08 junio 2012

BEACH HOUSE Bloom

Indudablemente uno de los discos más importantes del último lustro es "Teen Dream" de Beach House, una joya del dream pop, suspendido en un amnios hermoso y cálido, del que no hablé en su día en este blog porque uno no habla de todo lo que le sucede , en este blog.
Beach House; el Misterio...

Pero que debería estar en toda discoteca con buen gusto del planeta, al lado de los momentos más terrenales (por tanto, aún muy flotantes) de Cocteau Twins, del shoegazer más ligero, menos noisy, o incluso codo con codo con Kate Bush.
No era aquel el primer disco de la banda, pero sí se saludó como un salto tipo increible Hulk en una carreta hasta entonces correcta, y que los situó de golpe en una primerísima línea incómoda, esa que te convierte en lo más grande (al menos en los mentideros más cualificados... en la página de los 40 dudo que sepa ni Dios quienes son Beach House o que los valore a la altura que les da la prensa especializada). Incómoda, porque los colocó en el punto de mira de cara al furturo. ¿Cómo se supera un disco que es una absoluta belleza, que ofrece un sonido con antecedentes, claro, pero tan personal, intrasferible y sólido, bien construido, sentido... que lo hace único, marca de fábrica?¿cómo se mejora la sorpresa del descubrimiento?¿el embelese ante una voz tan excepcional y misteriosa?¿el acabado perfecto de ese "Sueño Adolescente"?
Muchas veces esas preguntas, afortunadamente, se quedan en los plumillas y en los fans, y la banda, ajena al huracán del hype, simplemente sigue a lo suyo, trabajando las canciones como sabe, esforzándose en sacar otro ramillete de melodías impecables y revestirlas de un sonido que es el suyo (y que para el caso podríamos describir de mágico, ensoñador, bello). Y a veces de esta actitud y un talento enorme, la continuación se descubre como, simplemente, otro párrafo en un texto mayor, un eslabón de continuidad a una carrera en la vida de un artista mayor. Simplemente, o ni más ni menos.
Porque no hay demasiados artistas mayores. Ni siquiera me atrevo a decirlo de Beach House. Démosles tiempo, más años... ¿serán, en su propio estilo, otra piedra angular de la regularidad pluscuamperfecta, como lo son Sonic Youth, Nick Cave, Yo La Tengo o Sr. Chinarro?
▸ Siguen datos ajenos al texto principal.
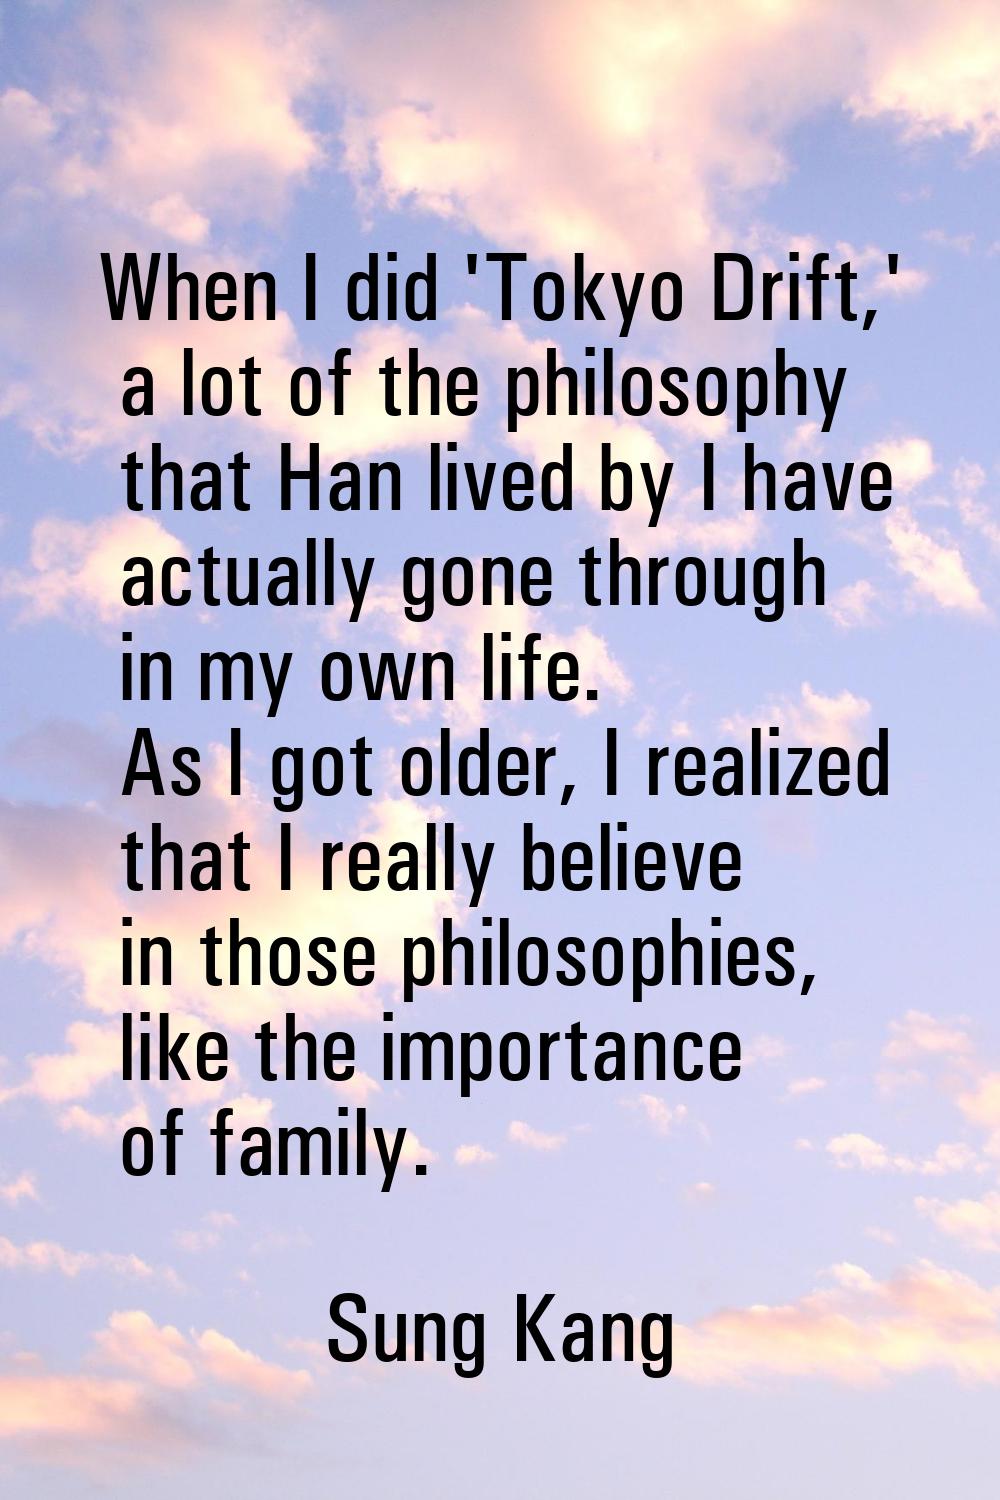 When I did 'Tokyo Drift,' a lot of the philosophy that Han lived by I have actually gone through in

No cabe intentar contestarlo, hablamos de un combo con solo cuatro discos.
El último, este "Bloom", vuelve a ser un rompimiento de gloria tamizado, envolvente antes que cegador; purifica, hace despegar del suelo con delicadeza, perfecciona su universo sonoro de guitarras líquidas y sonidos en flujo, da nuevos matices a la grave voz de Victoria Legrand, y, sí, ofrece cierto aire de cambio: aquí hay más canciones-canciones, estructuras de pop muy sólidas (lo escribo a conciencia... en "Teen Dream" todo era melódico pero vapor puro, y ahora su nube parece estar cuajando en un mar de líquido denso). Y si hablamos de "canciones", ¿cuáles destacaremos? Pues como en su anterior largo, claro: TODAS. Aquí está al final su magia, en que tienen el método, el sonido, y también las canciones, melodías al alcance de muy, muy pocos.



2 comentarios:

David (Intramuros) dijo...

Una pasada de disco. De esos que no cabe en la cabeza que le pueda no gustar a alguien.

Si no tuviésemos el mainstream embrutecido que tenemos, los Beach House deberían estar ahora mismo petándolo más que U2 o Coldplay.

Octavio B. (señor punch) dijo...

yo, si sigue así escucha tras escucha, le borro las 4'5 y le marco un 5 estrellas,cum laudem, pata negra, y lo que sea... es Enorme, es Perfecto, creo que me gusta más que el anterior ya...
Y sí, es música para las masas en un mundo posible, uno qeu no será jamás, me temo. Bueno, pro lo menos ya son las grandes figuras del Primavera Sound que acaba de pasar, ¿no?